The league’s press release on the matter didn’t state it, but the motive of the move is clear, to reduce the number of games decided by shootouts.

Just about 200 games went into overtime in the ECHL in the 2018-19 regular season, with 78 of them advancing to shootouts. Assuming the number of extra-time games remains about the same and figuring that two additional minutes of OT represents a 40 per cent increase from the five-minute bonus frame in place last season, it could mean 30 or more games not going to shootouts.

Maybe even more, given more three-on-three, back-and-forth play time should translate into legs that are increasingly tired and therefore more giveaways producing scoring chances.

For the record, the Newfoundland Growlers played 15 extra-time games during their inaugural ECHL season, with eight of them settled in regular OT and the other seven going to shootout.

The Growlers were 4-4 in normal overtime and 3-4 in shootouts.


Even taken into account the ramifications of the overtime announcement, the most interesting news to come out of ECHL board meetings was that the league will have a “players month” during the 2019-20 season.

During February, players will be given the opportunity to wear nicknames on their jersey nameplates for a select home game.

Given the rather humdrum awarding of nicknames in hockey, mostly based on a player’s last names — O’Brien is “Obie”, Melindy is “Meller” and so on — let’s hope for something more creative. Let’s admit it, it would have been pretty neat if the policy had been in place in the days of the AHL’s St.
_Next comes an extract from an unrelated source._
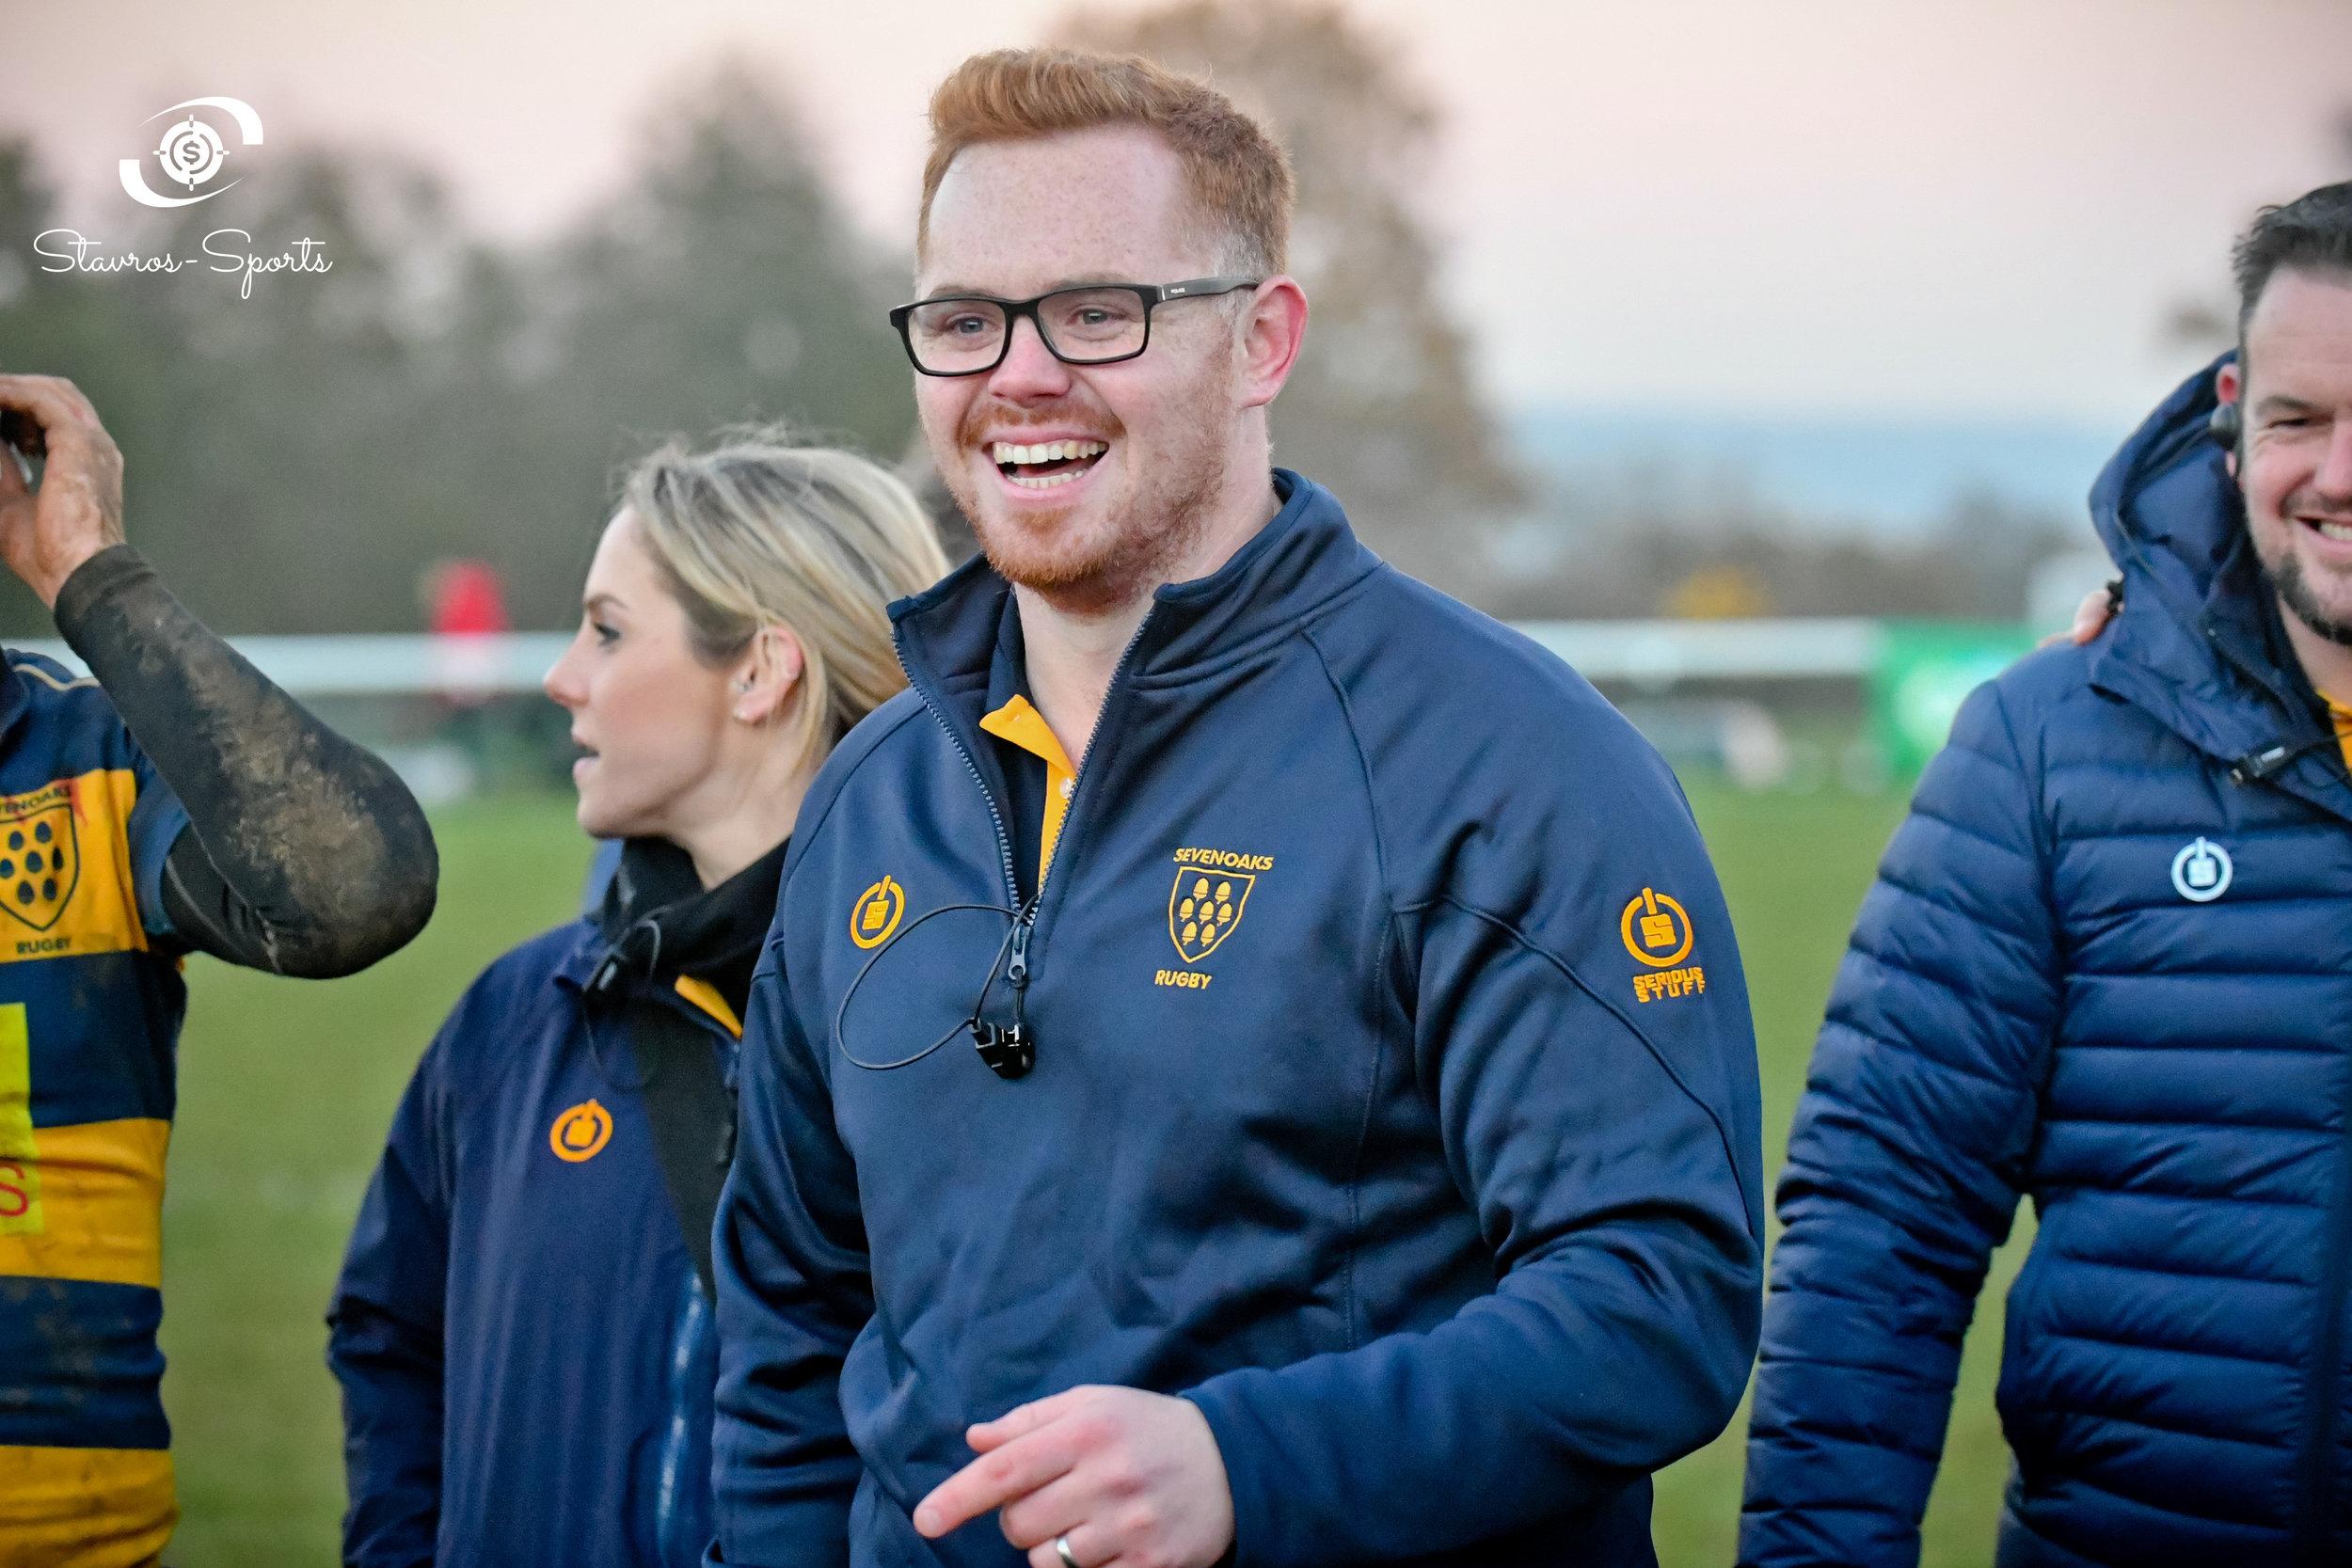 Oaks Head Coach Adam Bowman is a happy man going into 2019. Photo Credit: David Purday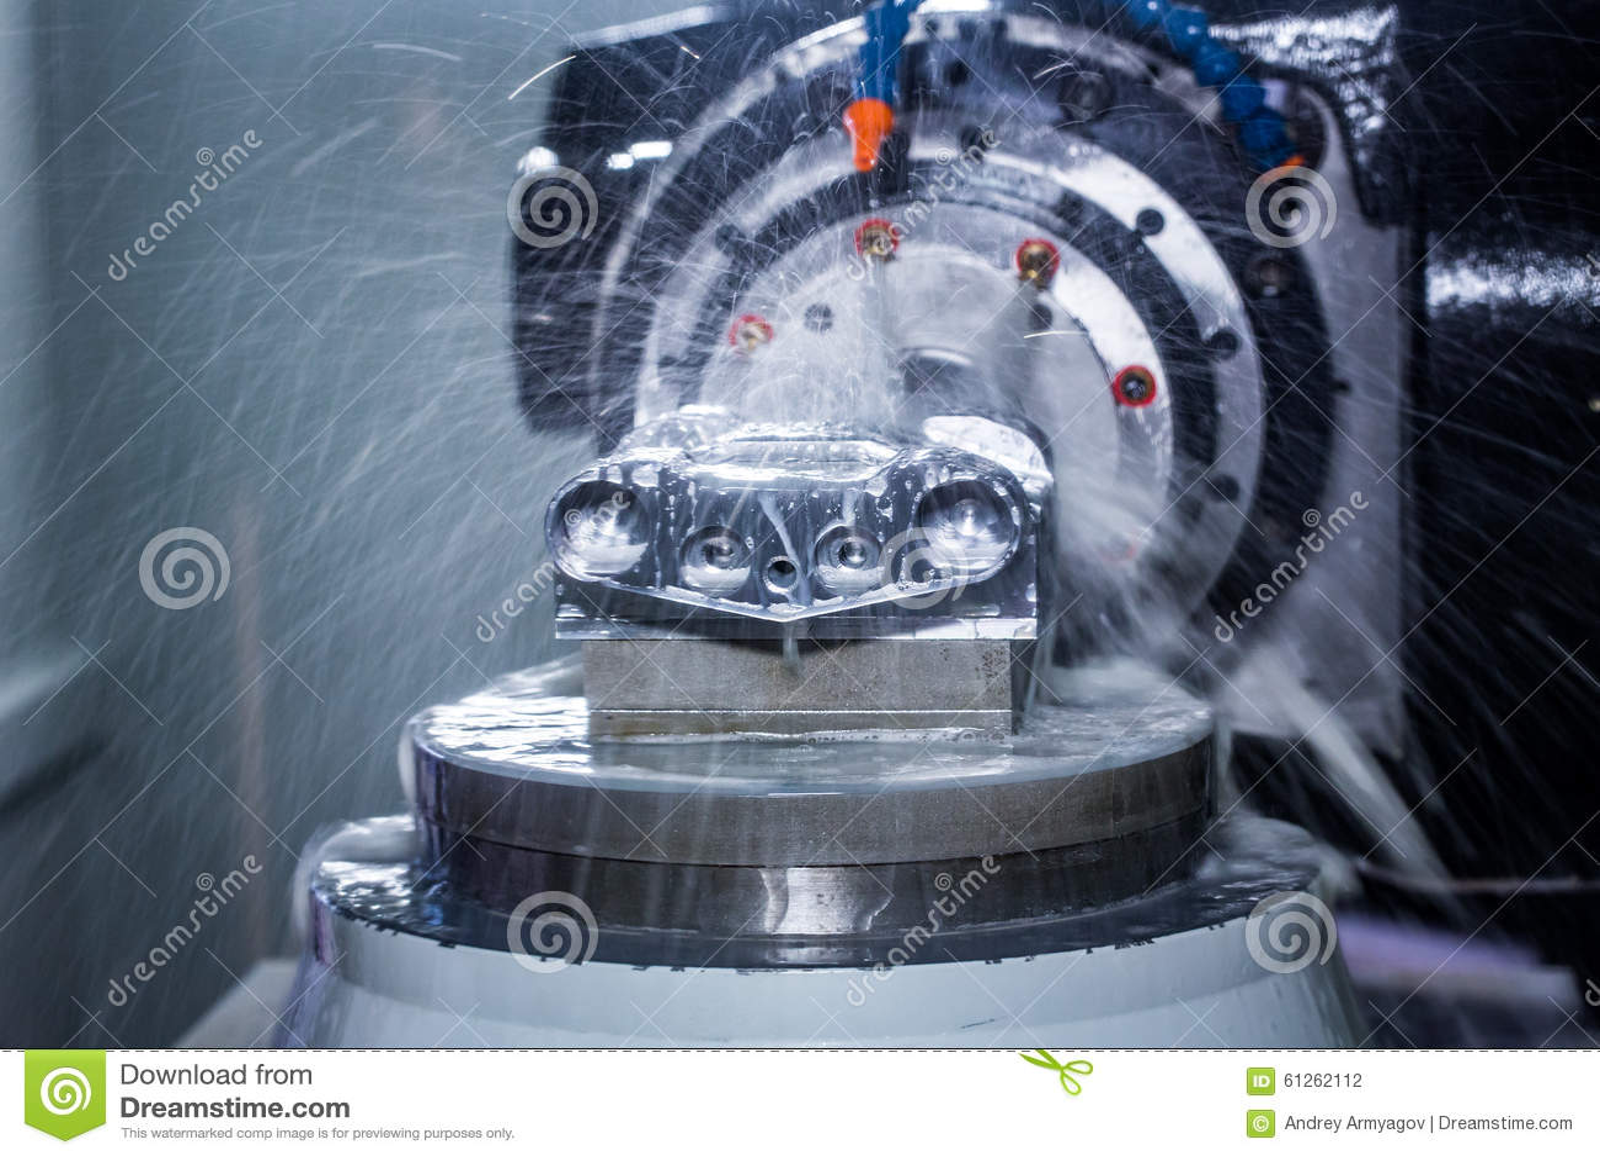 Metalworking Cnc Milling Machine Stock Photo Image

John’s Maple Leafs and we could have seen Frank Bialowas with an “Animal” nameplate.

The Growlers may do well to look to broadcaster Brian Rogers when looking for monikers. One of Rogers’ better creations this past season was for Paramus, N.J., native J.J. Piccinich, whom he dubbed “Jersey Boy.”


There was one more noteworthy announcement out of the board of governors meeting.

That was the amendment to requirements for players on NHL and AHL contracts to be eligible for the ECHL Kelly Cup playoffs.

The change calls for a “veteran” player on an NHL or AHL deal to have played a minimum of five games in the AHL during the regular season in order to be able to participate in the ECHL post-season.

Simply put, a “veteran” player is a forward who has played 260 or more games in higher-level leagues before the start of the current season. The rule, for example, would not apply to players on entry-level NHL contracts, for players on AHL deals who are early in their pro careers, or for veteran players on straight ECHL contracts, like defencemen Adam Pardy and James Melindy were last season.

Almost every AHL-contracted player on the Growlers in 2018-19 wouldn’t have been subject to the rule, since most were in their first or second professional seasons. An exception was leading scorer and eventual Kelly Cup MVP Zach O’Brien.

O’Brien, signed to an AHL deal with the Toronto Marlies, appeared in three games with the Marlies last season and was eligible to compete for the Growlers in the 2019 playoffs. But the three games wouldn’t reach the new threshold that’s been established.